The following data has a line with "Mariam Aqubardia, untitled, 2021, Oil" and a line with "CRAZY TAXI 2.0 - Khululeka Records". Write out exactly those lines and all the lines between them.

Dataset excerpts:
'''
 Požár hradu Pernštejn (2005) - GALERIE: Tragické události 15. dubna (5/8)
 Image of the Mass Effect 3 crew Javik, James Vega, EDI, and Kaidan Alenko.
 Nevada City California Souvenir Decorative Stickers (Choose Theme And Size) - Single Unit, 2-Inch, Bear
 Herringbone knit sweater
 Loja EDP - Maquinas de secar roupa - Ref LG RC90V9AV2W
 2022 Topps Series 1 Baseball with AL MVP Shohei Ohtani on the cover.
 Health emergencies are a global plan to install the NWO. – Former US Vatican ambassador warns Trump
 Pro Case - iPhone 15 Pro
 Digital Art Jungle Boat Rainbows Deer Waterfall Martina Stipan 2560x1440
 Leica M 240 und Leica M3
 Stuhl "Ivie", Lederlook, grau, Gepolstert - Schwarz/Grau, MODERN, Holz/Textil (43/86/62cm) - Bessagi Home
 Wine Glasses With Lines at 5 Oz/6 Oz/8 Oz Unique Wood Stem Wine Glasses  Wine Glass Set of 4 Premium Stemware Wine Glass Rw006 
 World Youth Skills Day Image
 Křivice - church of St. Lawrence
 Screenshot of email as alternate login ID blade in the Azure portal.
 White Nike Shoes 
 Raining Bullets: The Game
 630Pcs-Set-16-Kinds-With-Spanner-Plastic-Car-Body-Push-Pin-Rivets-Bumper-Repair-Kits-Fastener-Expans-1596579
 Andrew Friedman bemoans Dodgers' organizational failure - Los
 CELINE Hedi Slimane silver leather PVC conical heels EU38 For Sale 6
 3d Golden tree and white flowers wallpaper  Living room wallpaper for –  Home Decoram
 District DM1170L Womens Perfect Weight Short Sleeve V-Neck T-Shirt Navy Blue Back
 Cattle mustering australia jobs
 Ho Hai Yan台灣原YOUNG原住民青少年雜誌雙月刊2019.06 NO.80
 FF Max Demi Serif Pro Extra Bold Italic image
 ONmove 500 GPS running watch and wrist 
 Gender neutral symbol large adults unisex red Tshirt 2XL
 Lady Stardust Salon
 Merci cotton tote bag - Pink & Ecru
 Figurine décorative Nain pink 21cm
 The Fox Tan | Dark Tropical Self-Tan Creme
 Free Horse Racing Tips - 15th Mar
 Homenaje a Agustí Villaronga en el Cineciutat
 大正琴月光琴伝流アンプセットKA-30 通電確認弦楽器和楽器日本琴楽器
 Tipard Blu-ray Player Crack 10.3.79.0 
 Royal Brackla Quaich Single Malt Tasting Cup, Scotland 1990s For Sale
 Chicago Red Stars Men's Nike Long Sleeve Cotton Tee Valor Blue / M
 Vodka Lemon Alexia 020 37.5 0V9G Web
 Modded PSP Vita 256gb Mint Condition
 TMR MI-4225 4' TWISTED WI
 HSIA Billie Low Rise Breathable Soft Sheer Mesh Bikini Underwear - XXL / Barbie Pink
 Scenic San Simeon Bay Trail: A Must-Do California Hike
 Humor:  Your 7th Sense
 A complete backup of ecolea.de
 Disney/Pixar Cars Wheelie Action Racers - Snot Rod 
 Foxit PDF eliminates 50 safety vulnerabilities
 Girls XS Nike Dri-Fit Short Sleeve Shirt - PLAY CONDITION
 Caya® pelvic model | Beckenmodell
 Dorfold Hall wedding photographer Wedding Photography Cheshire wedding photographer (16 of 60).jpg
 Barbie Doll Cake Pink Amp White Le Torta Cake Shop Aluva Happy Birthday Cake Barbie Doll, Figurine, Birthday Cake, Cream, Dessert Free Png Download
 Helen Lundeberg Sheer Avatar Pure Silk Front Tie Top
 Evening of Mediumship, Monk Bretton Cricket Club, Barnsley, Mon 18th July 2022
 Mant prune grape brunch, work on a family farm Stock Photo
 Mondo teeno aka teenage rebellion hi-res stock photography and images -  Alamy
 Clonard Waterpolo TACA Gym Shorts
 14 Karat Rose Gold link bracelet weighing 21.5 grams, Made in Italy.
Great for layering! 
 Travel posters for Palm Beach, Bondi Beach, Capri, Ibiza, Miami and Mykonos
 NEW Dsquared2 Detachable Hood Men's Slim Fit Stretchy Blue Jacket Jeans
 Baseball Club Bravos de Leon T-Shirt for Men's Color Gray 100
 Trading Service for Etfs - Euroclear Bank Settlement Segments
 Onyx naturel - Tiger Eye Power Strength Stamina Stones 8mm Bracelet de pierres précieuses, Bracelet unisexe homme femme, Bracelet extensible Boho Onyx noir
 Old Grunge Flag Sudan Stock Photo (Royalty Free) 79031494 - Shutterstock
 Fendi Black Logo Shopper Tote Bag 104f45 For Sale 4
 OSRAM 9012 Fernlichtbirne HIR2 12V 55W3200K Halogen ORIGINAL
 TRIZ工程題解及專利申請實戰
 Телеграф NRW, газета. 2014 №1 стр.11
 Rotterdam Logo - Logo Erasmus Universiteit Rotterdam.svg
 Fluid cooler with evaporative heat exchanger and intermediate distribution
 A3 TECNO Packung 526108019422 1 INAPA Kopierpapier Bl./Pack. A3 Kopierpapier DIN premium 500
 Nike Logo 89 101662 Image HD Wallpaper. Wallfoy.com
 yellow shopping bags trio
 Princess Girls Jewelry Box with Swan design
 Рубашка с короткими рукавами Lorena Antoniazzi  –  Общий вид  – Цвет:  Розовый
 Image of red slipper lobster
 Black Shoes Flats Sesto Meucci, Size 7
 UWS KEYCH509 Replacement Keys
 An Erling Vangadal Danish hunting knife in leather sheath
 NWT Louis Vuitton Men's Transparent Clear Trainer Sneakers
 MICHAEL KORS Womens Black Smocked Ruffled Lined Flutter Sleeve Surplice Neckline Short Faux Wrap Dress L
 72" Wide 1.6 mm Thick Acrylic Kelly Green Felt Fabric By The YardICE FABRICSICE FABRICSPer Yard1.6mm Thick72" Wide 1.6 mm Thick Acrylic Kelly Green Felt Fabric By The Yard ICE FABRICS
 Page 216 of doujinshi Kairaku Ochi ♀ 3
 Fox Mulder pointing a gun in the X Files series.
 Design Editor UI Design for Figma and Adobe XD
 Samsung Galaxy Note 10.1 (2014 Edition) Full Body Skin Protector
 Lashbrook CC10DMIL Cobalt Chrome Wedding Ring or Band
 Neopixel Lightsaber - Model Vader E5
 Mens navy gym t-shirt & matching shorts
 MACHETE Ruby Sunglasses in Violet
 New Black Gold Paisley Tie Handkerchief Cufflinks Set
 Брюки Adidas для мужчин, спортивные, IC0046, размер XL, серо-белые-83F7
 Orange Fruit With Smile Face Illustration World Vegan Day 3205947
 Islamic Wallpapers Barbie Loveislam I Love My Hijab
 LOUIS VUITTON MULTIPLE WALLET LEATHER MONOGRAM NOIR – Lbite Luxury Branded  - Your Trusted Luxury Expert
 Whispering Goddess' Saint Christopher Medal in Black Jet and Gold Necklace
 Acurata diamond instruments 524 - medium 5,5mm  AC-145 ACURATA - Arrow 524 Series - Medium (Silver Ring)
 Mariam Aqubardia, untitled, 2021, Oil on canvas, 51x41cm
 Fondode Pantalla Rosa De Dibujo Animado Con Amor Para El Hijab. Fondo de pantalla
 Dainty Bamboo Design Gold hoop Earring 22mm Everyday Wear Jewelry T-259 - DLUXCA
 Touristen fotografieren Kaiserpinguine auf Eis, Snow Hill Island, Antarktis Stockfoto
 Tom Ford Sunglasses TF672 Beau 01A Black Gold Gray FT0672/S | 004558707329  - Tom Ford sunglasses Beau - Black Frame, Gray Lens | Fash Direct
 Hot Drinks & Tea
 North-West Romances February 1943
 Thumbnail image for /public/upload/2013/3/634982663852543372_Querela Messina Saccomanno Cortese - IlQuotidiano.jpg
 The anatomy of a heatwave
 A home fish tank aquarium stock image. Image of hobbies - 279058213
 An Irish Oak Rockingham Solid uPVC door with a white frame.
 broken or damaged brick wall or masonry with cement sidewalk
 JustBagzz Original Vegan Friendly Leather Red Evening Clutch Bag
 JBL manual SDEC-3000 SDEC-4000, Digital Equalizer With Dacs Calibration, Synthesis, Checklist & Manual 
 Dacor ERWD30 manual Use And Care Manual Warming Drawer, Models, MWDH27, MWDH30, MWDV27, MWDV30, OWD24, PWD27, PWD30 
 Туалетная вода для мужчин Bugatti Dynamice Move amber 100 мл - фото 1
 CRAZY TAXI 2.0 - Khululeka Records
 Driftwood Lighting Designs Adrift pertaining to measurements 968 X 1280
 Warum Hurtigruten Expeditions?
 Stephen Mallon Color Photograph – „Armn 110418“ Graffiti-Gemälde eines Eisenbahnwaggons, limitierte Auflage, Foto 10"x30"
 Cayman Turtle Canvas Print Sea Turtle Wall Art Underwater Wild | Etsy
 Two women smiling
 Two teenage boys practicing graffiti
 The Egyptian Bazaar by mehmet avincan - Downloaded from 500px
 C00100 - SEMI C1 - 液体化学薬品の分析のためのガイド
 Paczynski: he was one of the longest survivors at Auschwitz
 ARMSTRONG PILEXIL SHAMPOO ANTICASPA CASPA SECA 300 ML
'''
■ **Written answer**
 Mariam Aqubardia, untitled, 2021, Oil on canvas, 51x41cm
 Fondode Pantalla Rosa De Dibujo Animado Con Amor Para El Hijab. Fondo de pantalla
 Dainty Bamboo Design Gold hoop Earring 22mm Everyday Wear Jewelry T-259 - DLUXCA
 Touristen fotografieren Kaiserpinguine auf Eis, Snow Hill Island, Antarktis Stockfoto
 Tom Ford Sunglasses TF672 Beau 01A Black Gold Gray FT0672/S | 004558707329  - Tom Ford sunglasses Beau - Black Frame, Gray Lens | Fash Direct
 Hot Drinks & Tea
 North-West Romances February 1943
 Thumbnail image for /public/upload/2013/3/634982663852543372_Querela Messina Saccomanno Cortese - IlQuotidiano.jpg
 The anatomy of a heatwave
 A home fish tank aquarium stock image. Image of hobbies - 279058213
 An Irish Oak Rockingham Solid uPVC door with a white frame.
 broken or damaged brick wall or masonry with cement sidewalk
 JustBagzz Original Vegan Friendly Leather Red Evening Clutch Bag
 JBL manual SDEC-3000 SDEC-4000, Digital Equalizer With Dacs Calibration, Synthesis, Checklist & Manual 
 Dacor ERWD30 manual Use And Care Manual Warming Drawer, Models, MWDH27, MWDH30, MWDV27, MWDV30, OWD24, PWD27, PWD30 
 Туалетная вода для мужчин Bugatti Dynamice Move amber 100 мл - фото 1
 CRAZY TAXI 2.0 - Khululeka Records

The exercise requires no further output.